Так называемый 'дуб Ракоци' — исполинское дерево посередине города, у самого входа на рынок, со всеми неоспоримыми атрибутами почтенного возраста. Под ним — красивая резная скамья, на которой выцарапаны ножом всевозможные рисунки и инициалы. Под дубом якобы останавливался когда-то Ференц Ракоци. Я потому говорю «якобы», что дело-то очень сомнительное. Мало ли 'дубов Ракоци' по другим городишкам? И есть ли вообще город без такого дуба? Одно из двух: либо это странствующий дуб, который с места на место переходит, либо Ференц Ракоци только и делал, что «останавливался» под деревьями все семь-восемь лет своего правления.
Так или иначе, бургомистров кучер действительно остановился возле дуба, где нотариус слез и поспешил в ратушу. Экипаж же свернул в Арсенальную улицу (когда улицы называли, там были лавки ножовщика и оружейника). Самый красивый дом на ней бургомистров: великолепная веранда с колоннами, прелестный садик, весь в цветах, и голубятни. Голуби барышень Рёскеи в полном смысле слова заполонили всю улицу: расхаживают себе важно, уверенно, даже не взлетая при приближении человека, а только уклоняясь в сторонку, как куры. Загреб 'голубиным городом' зовут, но таких храбрых нигде, наверно, нет, кроме Кертвейеша.
Очень хотелось бы подробнее описать это типичное захолустное дворянское обиталище, да некогда. У самого хозяина считанные минуты оставались дочек чмокнуть, умыться и переодеться. Горожане уже собрались в ратуше, с лихорадочным нетерпением ожидая его появления.

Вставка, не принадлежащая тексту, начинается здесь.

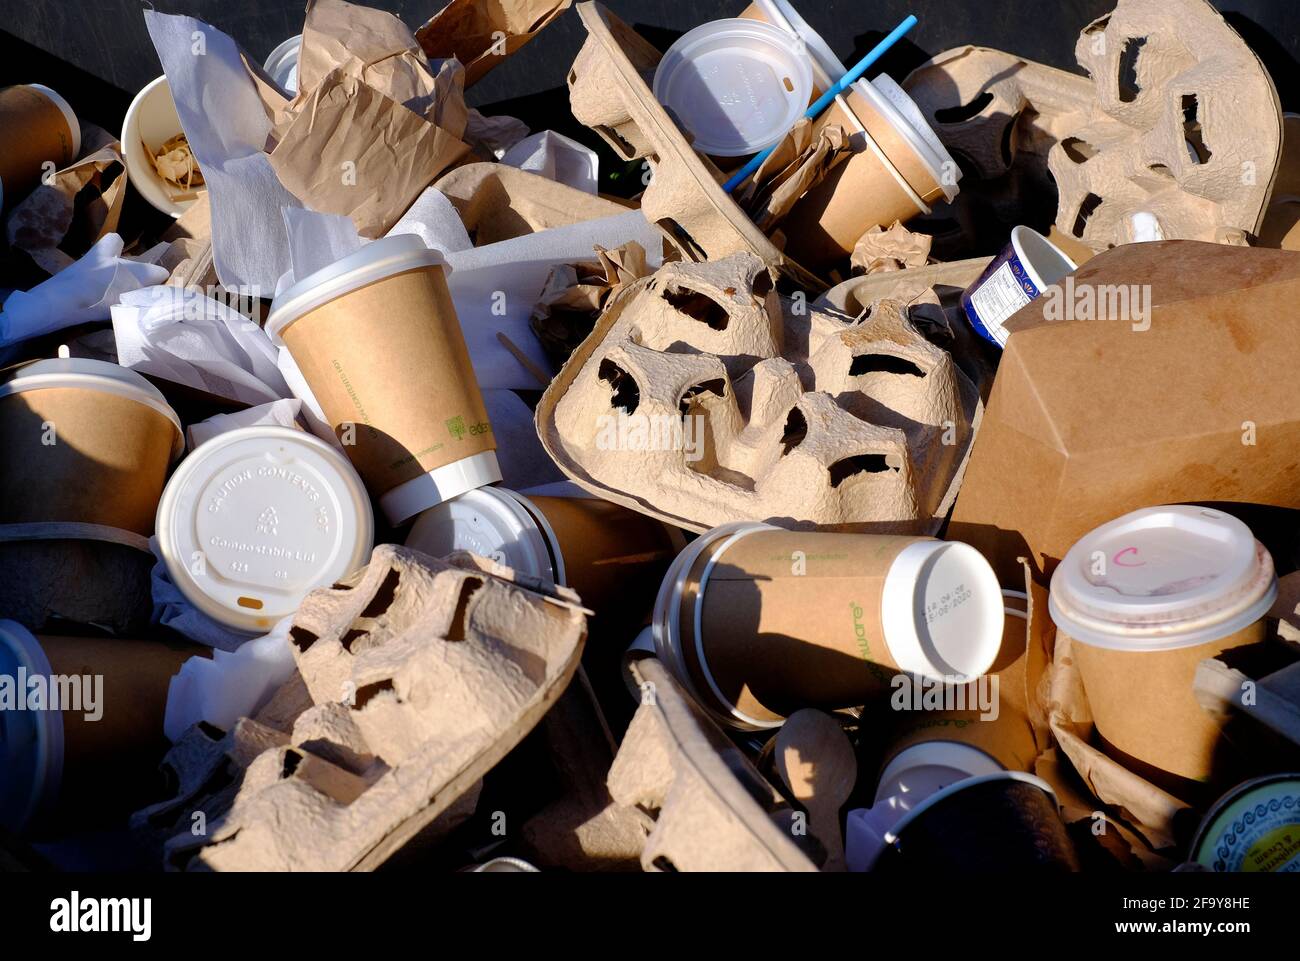 gobelets et supports en papier dans un bac de recyclage, norfolk, angleterre Banque D'Images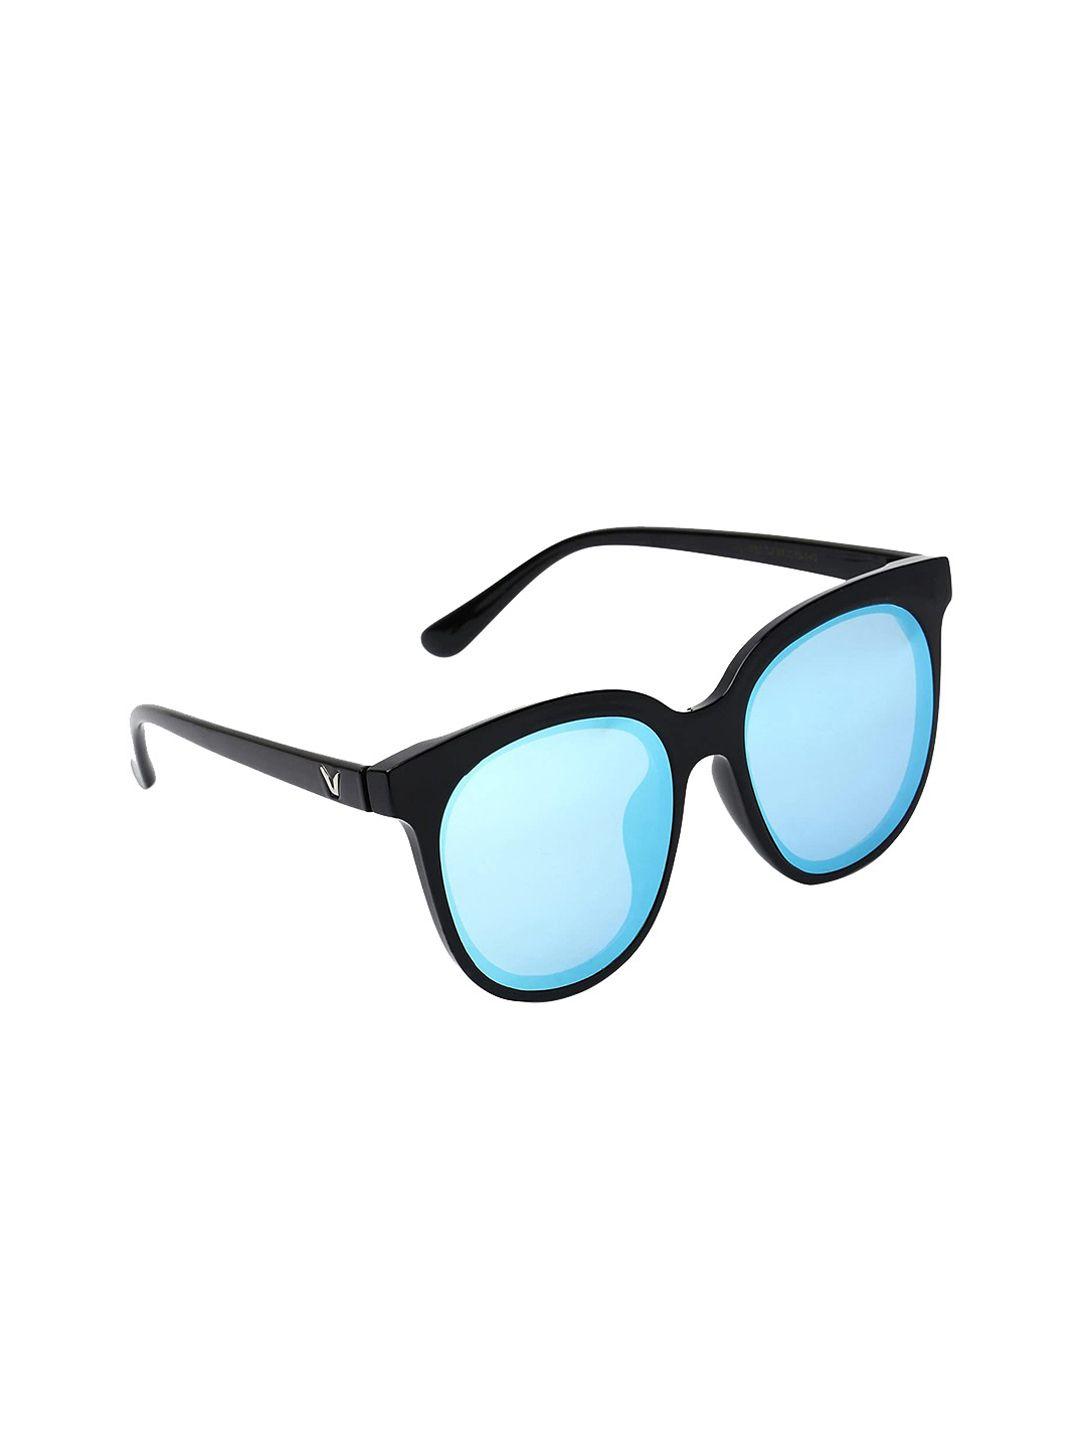 marc louis unisex blue lens & black square sunglasses marc louis 4013-c2 blue

Зал был набит до отказа, яблоку упасть негде. Нотариуса Ленарта, который уже говорил с бургомистром, осаждала толпа любопытных.
— Что будет?
Но Ленарт с неприступным видом отделывался самыми общими фразами.
— Плохого ничего не будет. Город не пострадает. Как до сих пор черепашьим шагом двигались…
— Ну, не скажи, свояк, — с благородным негодованием отвел обвинение сенатор Мартон Жибо, председатель театральной комиссии. — Вспомни-ка: десять лет назад, когда я дела принял, Кориолана у нас еще в обыкновенной простыне играли. Красную бумажную полоску пришьют снизу, и ладно. А в этом сезоне все римляне в бархатных виклерах[130] на сцену вышли — сам небось видел… Сейчас и тогда: небо и земля. Нет, повышается уровень. Так быстро вперед шагаем — господи ты боже мой…
По лестнице — топот ног и задыхающиеся голоса:
— Идет! Идет!
Вот и сам Рёскеи. Раздается несколько «ура», и народ, теснясь, расступается, как перед императором.
И сразу — мертвая тишина. Слышно даже, как ботинки поскрипывают, пока бургомистр, высоко подняв голову и взглядом пролагая себе дорогу, проходит на подмостки, где во время балов играет Люпи со своим цыганским оркестром, а сейчас стул стоит и столик, на котором — графин с водой и колокольчик.
— Тише! Тише! Внимание!
— Уважаемые сограждане, уроженцы родного моего города!
— Господи! Как прекрасно! — вздохнул достойный мастер Винкоци, благоговейно качая головой. — Надо же такое выдумать!
— Тс-с! Тс-с!
У бургомистра и в самом деле приятный баритон был, звучный, гибкий, и он, когда хотел, мог растрогать слушателей или зажечь негодованием.
— С тяжелым сердцем вернулся я из столицы, — начал Рёскеи, и было бы слышно, как муха пролетит (только посмеет ли муха летать, когда он говорит?). — Тяжкие обязанности возлагает на меня правительство, — обязанности, которые преисполняют меня грустными мыслями о предстоящей разлуке. Правительство хочет отнять меня у вас.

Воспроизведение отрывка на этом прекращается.